Figure 3.

Primary afferent and intraspinal VGluT2 IR innervation of VF neurons. A, B, The confocal micrograph in A visualizes the specific immunostaining for VGluT2 (yellow) in a cross section through the S2 segment, which is completely abolished by pretreatment with the blocking peptide of the primary VGluT2 antibodies (B). C, Low-power projected confocal micrographs of a 50-μm cross section cut through the S2 segment of the spinal cord shows VF neurons retrogradely labeled through the left VF at the S1–S2 level (red) and anterogradely filled sacral afferents (cyan) labeled via the contralateral (right) S3 dorsal root. D, The low-power cross section displayed in C is shown after VGluT2 immunostaining (yellow). E, High-power (original magnification × 60), single-slice micrograph of the area framed in C shows a VF neuron (pseudo color, red), which is contacted (e.g., arrowheads) by primary afferent boutons (pseudo color, cyan) with VGluT2 IR (yellow).

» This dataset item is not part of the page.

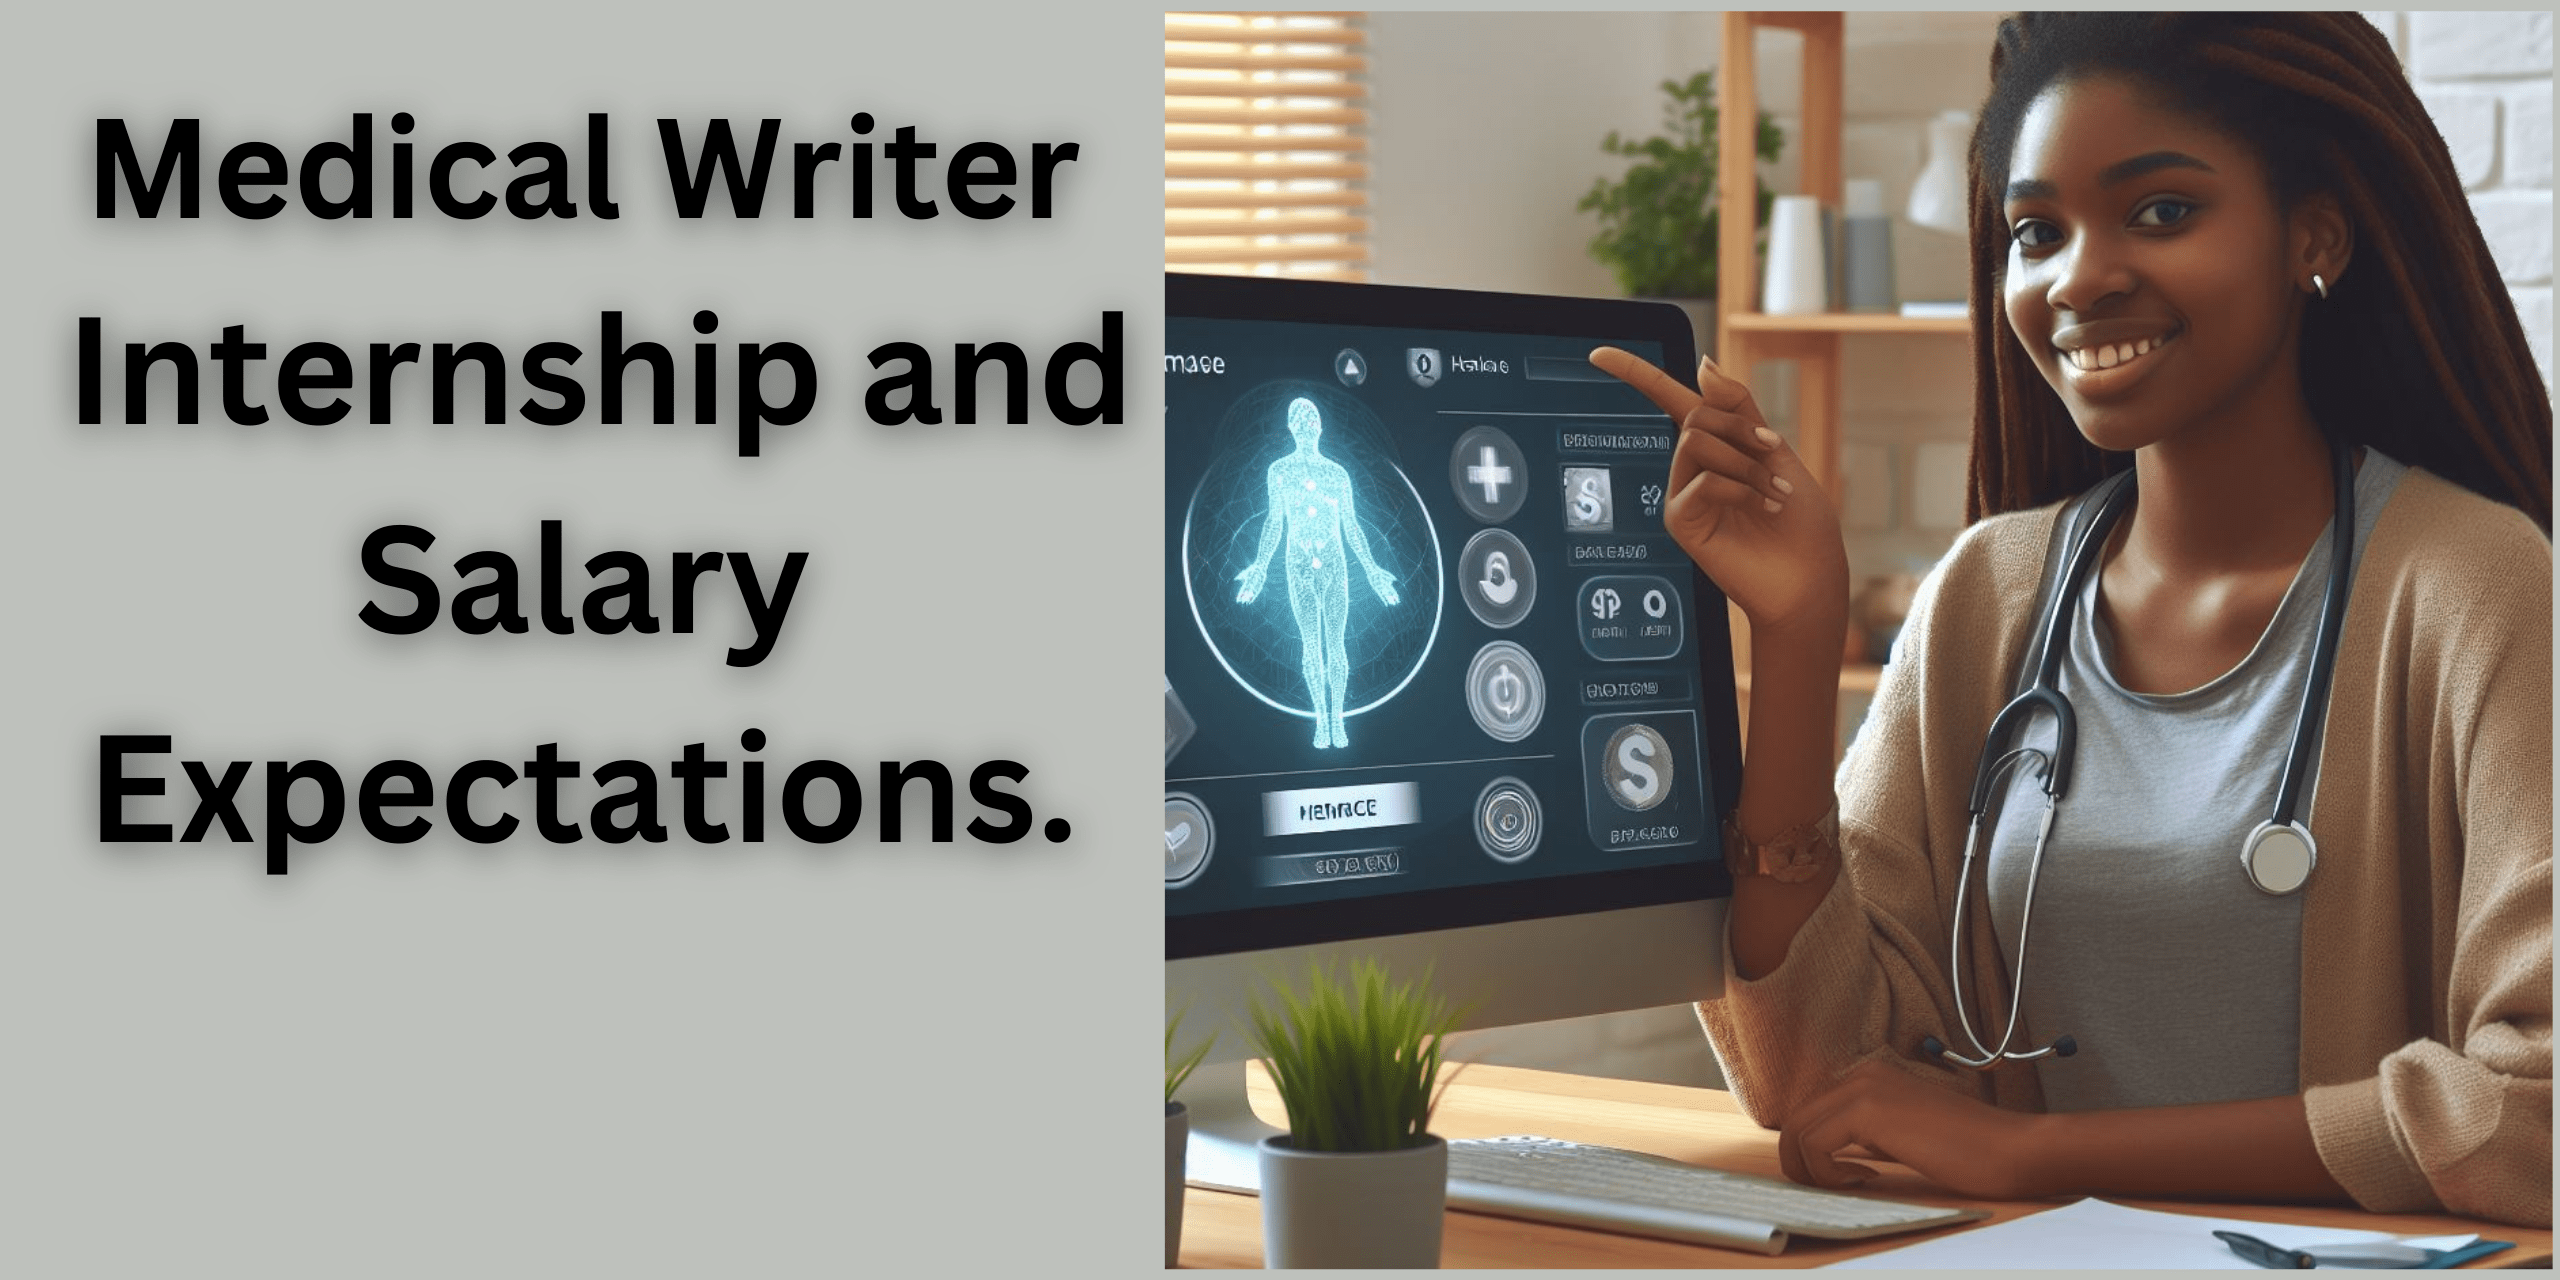 alt="Medical Writer Internship and salary expectations"
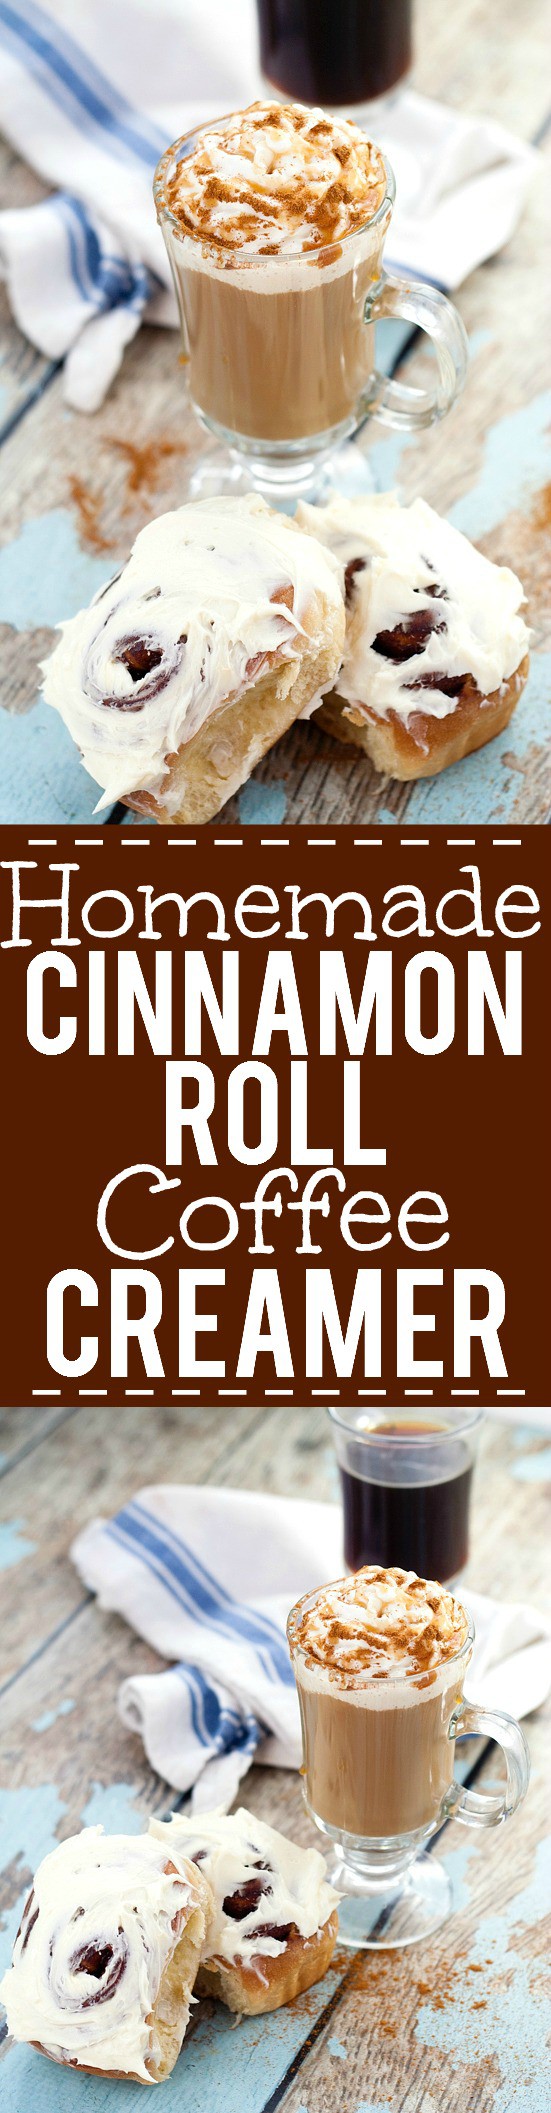 Homemade Cinnamon Roll Coffee Creamer recipe - Have your coffee as a decadent breakfast with this Cinnabon inspired Homemade Cinnamon Roll Creamer recipe with cinnamon, vanilla, and brown sugar. YES! I LOVE Cinnabon!

Fluorophores: VF, Cascade blue dextran; Afferents, Texas red dextran; and VGluT2, Cy5. F, High-power (original magnification × 60) view of a single optical slice micrograph of a group of S2 VF neurons back-labeled in a different double labeling experiment followed by immunostaining for VGluT2. The neurons are innervated by VGluT2 IR boutons but are not contacted by SCA.